Coarse- and Fine-grained Attention Network with Background-aware Loss for Crowd Density Map Estimation
This addresses crowd analysis for surveillance or public safety, with incremental improvements in accuracy and quality.
The paper tackled crowd density map estimation and people counting by proposing CFANet with a coarse-to-fine attention mechanism and a background-aware loss, resulting in outperforming previous state-of-the-art methods in count accuracy and improving map quality while reducing false recognition.
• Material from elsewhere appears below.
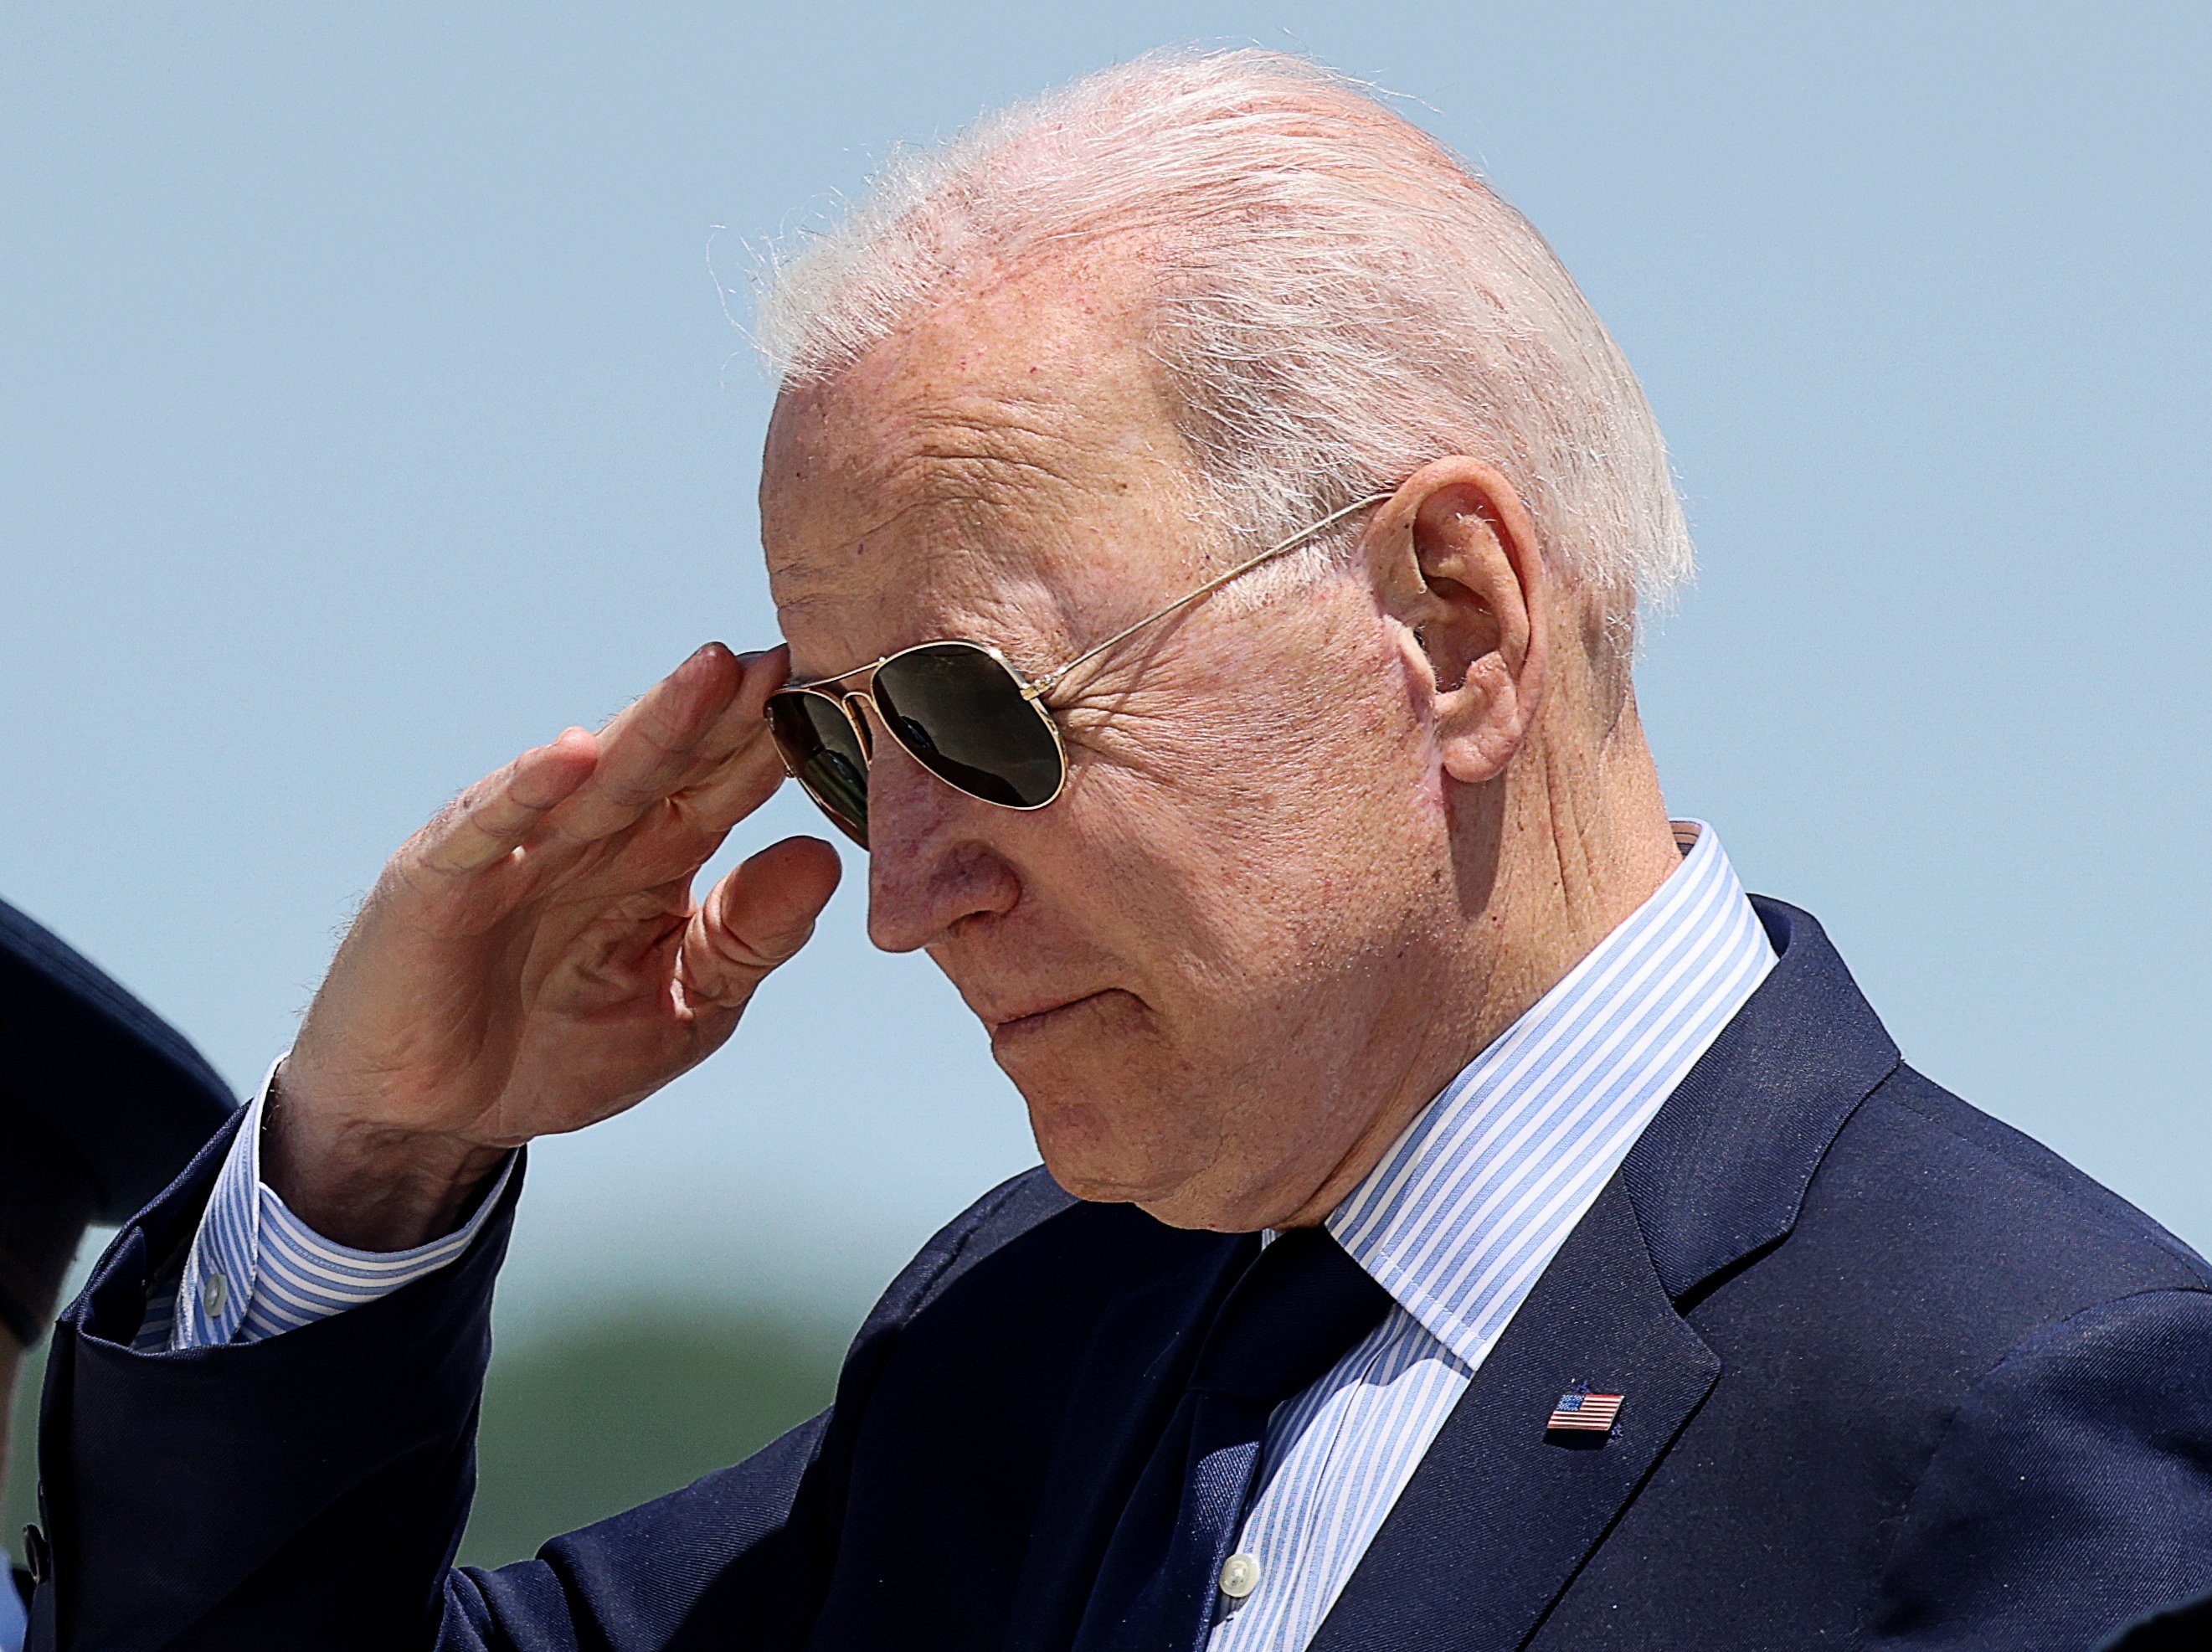 Joe Biden faz saudação com a mão e usa óculos escuros

In this paper, we present a novel method Coarse- and Fine-grained Attention Network (CFANet) for generating high-quality crowd density maps and people count estimation by incorporating attention maps to better focus on the crowd area. We devise a from-coarse-to-fine progressive attention mechanism by integrating Crowd Region Recognizer (CRR) and Density Level Estimator (DLE) branch, which can suppress the influence of irrelevant background and assign attention weights according to the crowd density levels, because generating accurate fine-grained attention maps directly is normally difficult. We also employ a multi-level supervision mechanism to assist the backpropagation of gradient and reduce overfitting. Besides, we propose a Background-aware Structural Loss (BSL) to reduce the false recognition ratio while improving the structural similarity to groundtruth. Extensive experiments on commonly used datasets show that our method can not only outperform previous state-of-the-art methods in terms of count accuracy but also improve the image quality of density maps as well as reduce the false recognition ratio.